Si l’Église catholique devait être un régime politique, alors il conviendrait de la qualifier, davantage que de théocratie, d’autocratie des évêques.
Ceci après avoir été une autocratie du pape, en dépit des doctrines nationales qui ont cherché à organiser les églises locales en autonomie du pape.
En termes d’organisation, il est toujours plus simple de ne confier le pouvoir politique qu’à un seul homme, avec la limite que celui-ci choisit la direction qu’il veut prendre
Et toujours plus compliqué d’aller dans le sens d’une minorité lorsque démocratiquement, la majorité a choisi d’aller dans une autre direction.
Parmi les fondements de la doctrine politique de l’Église, il y a cette idée et cet idéal d’unité de l’humanité, pour laquelle doit être pris la décision politique.
On le retrouve par exemple exprimé dans la parabole de la brebis perdue qui raconte l’histoire d’un berger qui a 100 brebis et en perd une, et laisse les 99 autres pour aller la retrouver.
Autrement écrit, l’Église vise 100 % d’adhésion.
La démocratie est loin d’être parfaite.
C’est le meilleur des régimes connus pour paraphraser CHURCHILL (« le moins pire des régimes que nous avons essayés »)
La démocratie directe est plus juste que la démocratie indirecte.
Mais elle n’est jamais totalement directe, à compter du moment où elle devient représentative.
La démocratie directe qui élit ses représentants au scrutin proportionnel est en plus très généralement ingouvernable.
La Grèce antique, ou la Suisse, avec leurs limites fonctionnaient dans l’esprit, parce qu’elles ne concernaient que respectivement 40 000 et 200 000 personnes (par canton).
Demeure en plus le problème de celui qui se désintéresse à la politique et refuse de jouer le jeu, mais également celui qui n’en est pas capable (avec tout ce qu’on peut mettre derrière ce terme).
En France, le président est aujourd’hui élu par 18,67 % de la population autorisée à voter.
Dans ma commune, le maire est élu par 11 % de la population autorisée à voter, et il dispose de 78 % des sièges.
J’entends ceux qui réclament plus de démocratie dans l’Église.
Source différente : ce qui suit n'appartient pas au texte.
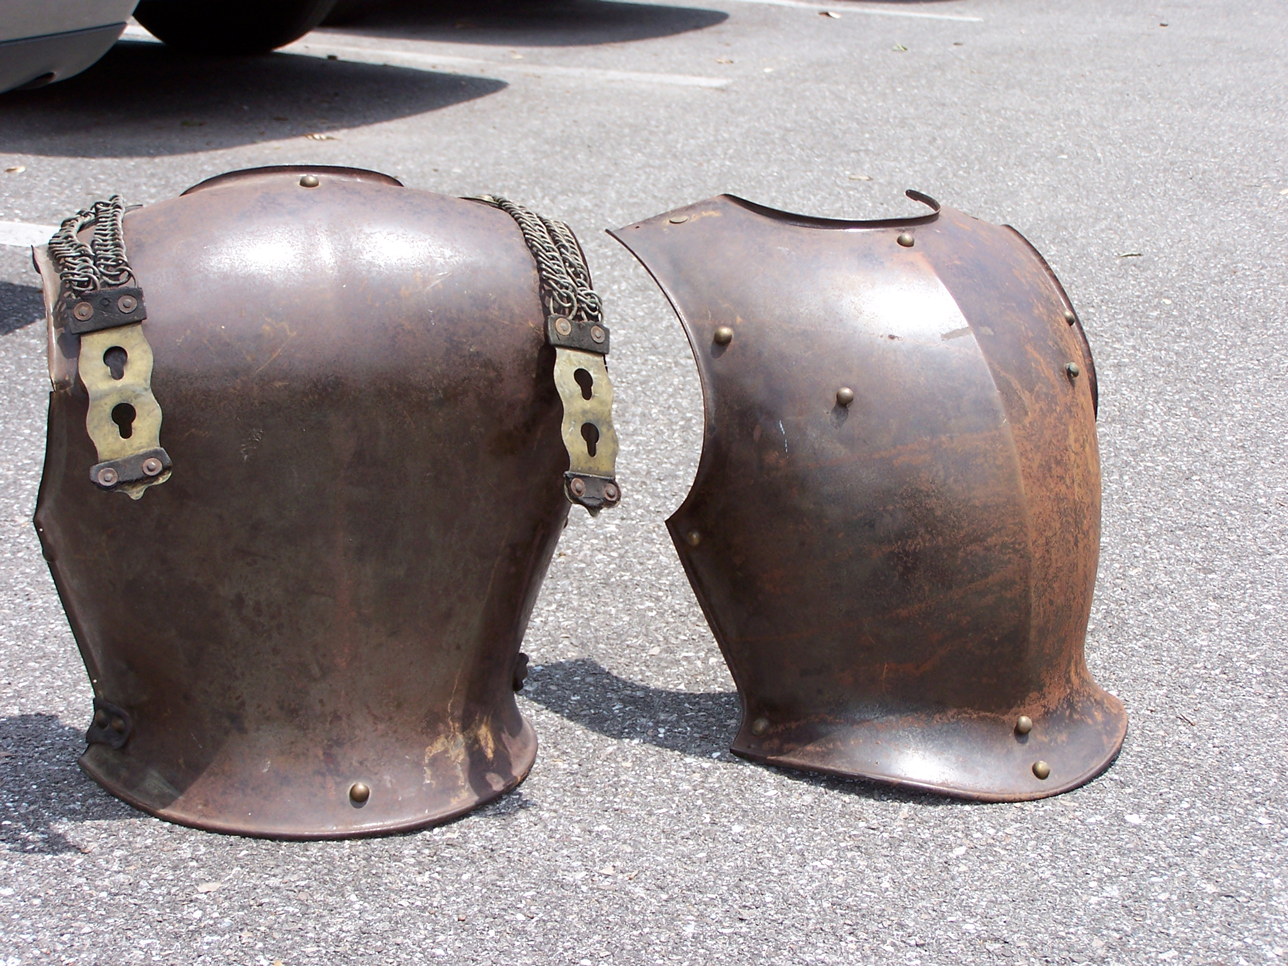 Cuirass Antique Armor - Cuiras...

Mais j’ai aussi conscience que ma vision politique du christianisme est minoritaire.
Actuellement, j’ai un évêque qui ne va pas dans mon sens.
Mais je peux le critiquer parce que c’est la vision d’un seul homme.
Et je peux en même temps proposer une autre vision, en espérant le convaincre.
Tout en lui rappelant de ne pas m’oublier dans l’idéal de conviction des 100 %.
Si demain, on met en place une vraie démocratie, qui décide à partir de l’adhésion du plus grand nombre, c’est à dire dont l’idéal passe de 100 % à 50 % et une voix,
non seulement, je me retrouverais automatiquement en minorité, mais en plus et sauf à défendre que 90 % des autres ont tort, et que je suis le seul à avoir raison, je n’aurais plus ce pouvoir de critique…
Je pourrais donc bien toujours continuer de proposer, mais avec le sort qu’on réserve aux minorités.
Enfin, je me méfie beaucoup des conseils de l’évêque, dans lesquels on placerait des laïcs.
Parce que les laïcs seront évidemment choisis en fonction de leur degré de soumission ou de servitude volontaire.
Et nous aurons alors pire, sous une apparente façade de démocratie et de souveraineté populaire, la décision des clercs, enregistrés par une chambre de laïcs faire-valoirs.
En conclusion, je pense que tout en avançant doucement vers plus de démocratisation, l’Église ne doit pas devenir une démocratie.
Et que les chrétiens doivent mieux s’organiser en groupes d’influence pour faire valoir leurs idées auprès de leurs décideurs.
Mais qu’une vraie démocratie dans l’Église sera encore pire pour les minorités qu’une autocratie, à plus forte raison du fait de l’évolution politique du peuple de Dieu.